Het lichaam van Stefanus, waarvan het geraamte nog in de beste
orde samenhing, werd naar Jeruzalem in een kerk op de berg
(westelijk) Sion gebracht, waar het huis van het Avondmaal of
Cenakel gestaan had.
Ik zag later, hoe zijn beenderen, in vele delen gescheiden, naar
elders overgebracht werden en dat die overbrenging met vele
wonderen gepaard ging.
Zo herinner ik mij dat een blinde bloemen tegen zijn relikwiekast
hield en door die bloemen ziende werd. Ik zag dat in een andere
stad (nl. Mahon, hoofdstad van het eiland Minorka) zich vele
Joden bekeerden; maar ook dat de duivel in de gedaante van een
aanzienlijk edelman, in een zekere stad, zich bij de bisschop
waagde en hem om een stukje van de beenderen van Stefanus
verzocht.
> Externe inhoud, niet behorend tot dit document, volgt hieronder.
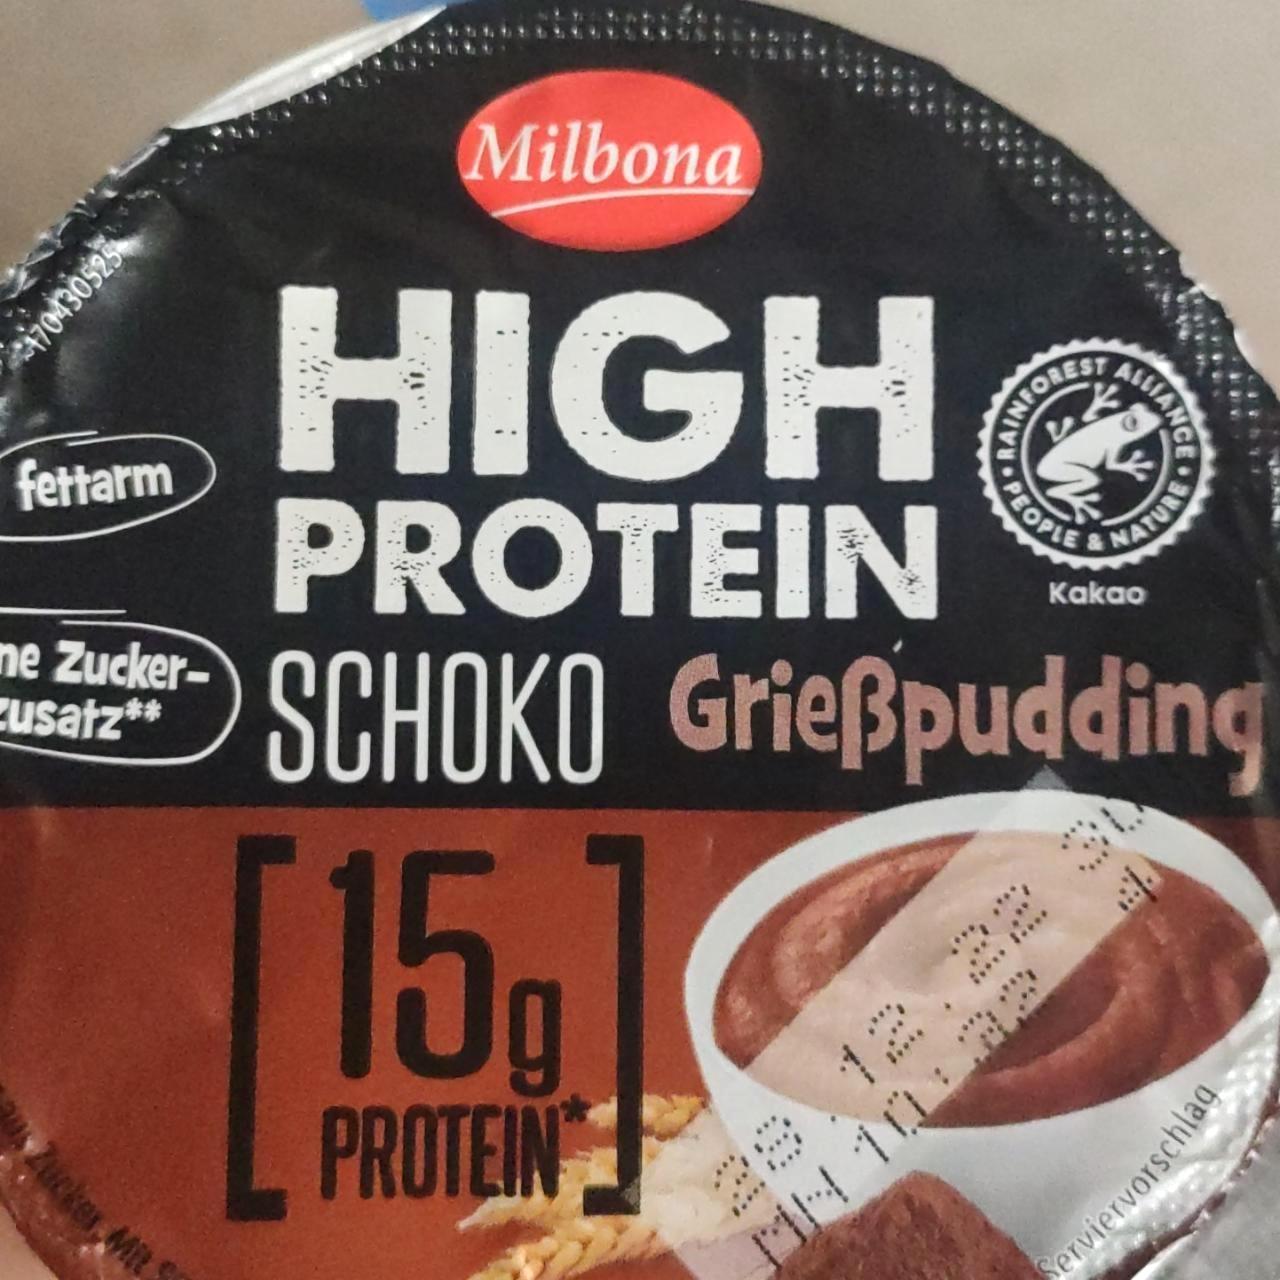 Képek - High protein schoko grießpudding Milbona

Maar terwijl de bisschop om verlichting bad om te
weten of hij zulk een schat verdiende, vloog de duivel met een
vervaarlijk gejank en in een afschuwelijke gedaante weg.
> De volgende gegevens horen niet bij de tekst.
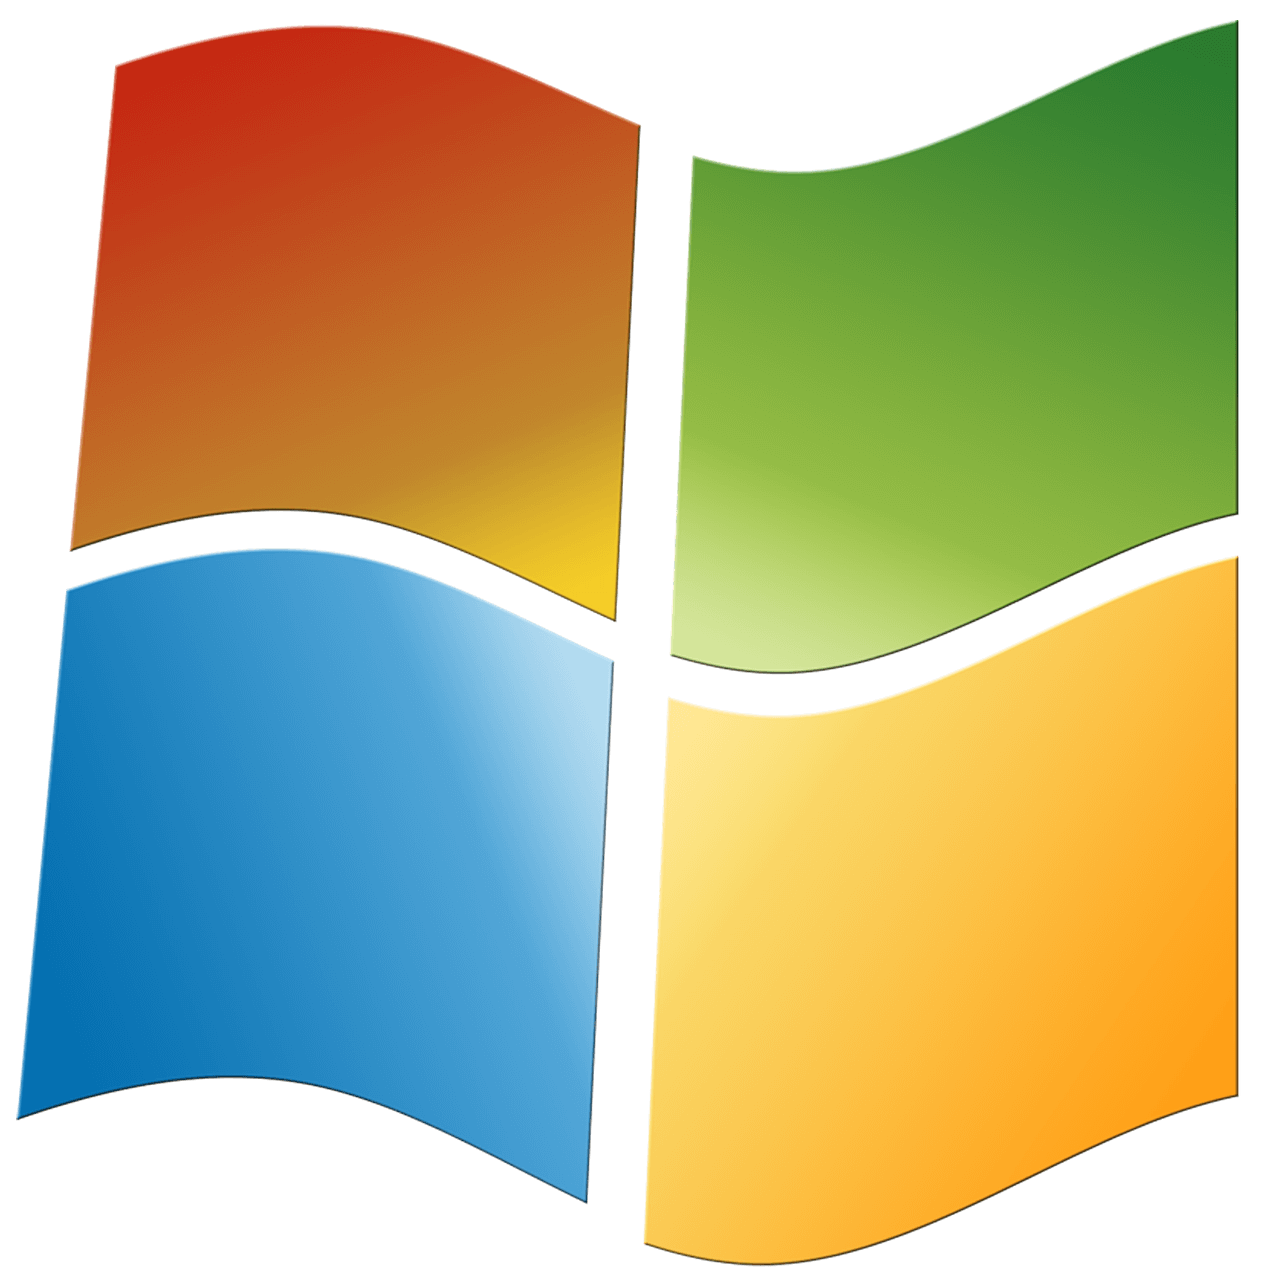 Windows 7 supports Edge

Zo zag ik vele wonderen en zag ik ook een deel van zijn
beenderen naar Rome gebracht en bij die van de H. Laurentius
bijgezet worden96.
96 Al wat K. hier meedeelt, zal bevestigd worden door hetgeen wij uit de
geschiedenis over de H. Stefanus weten.
Vooreerst vermeldt zij een zeer beroemde verschijning die de plaats
openbaarde waar 4 voorname personen begraven waren.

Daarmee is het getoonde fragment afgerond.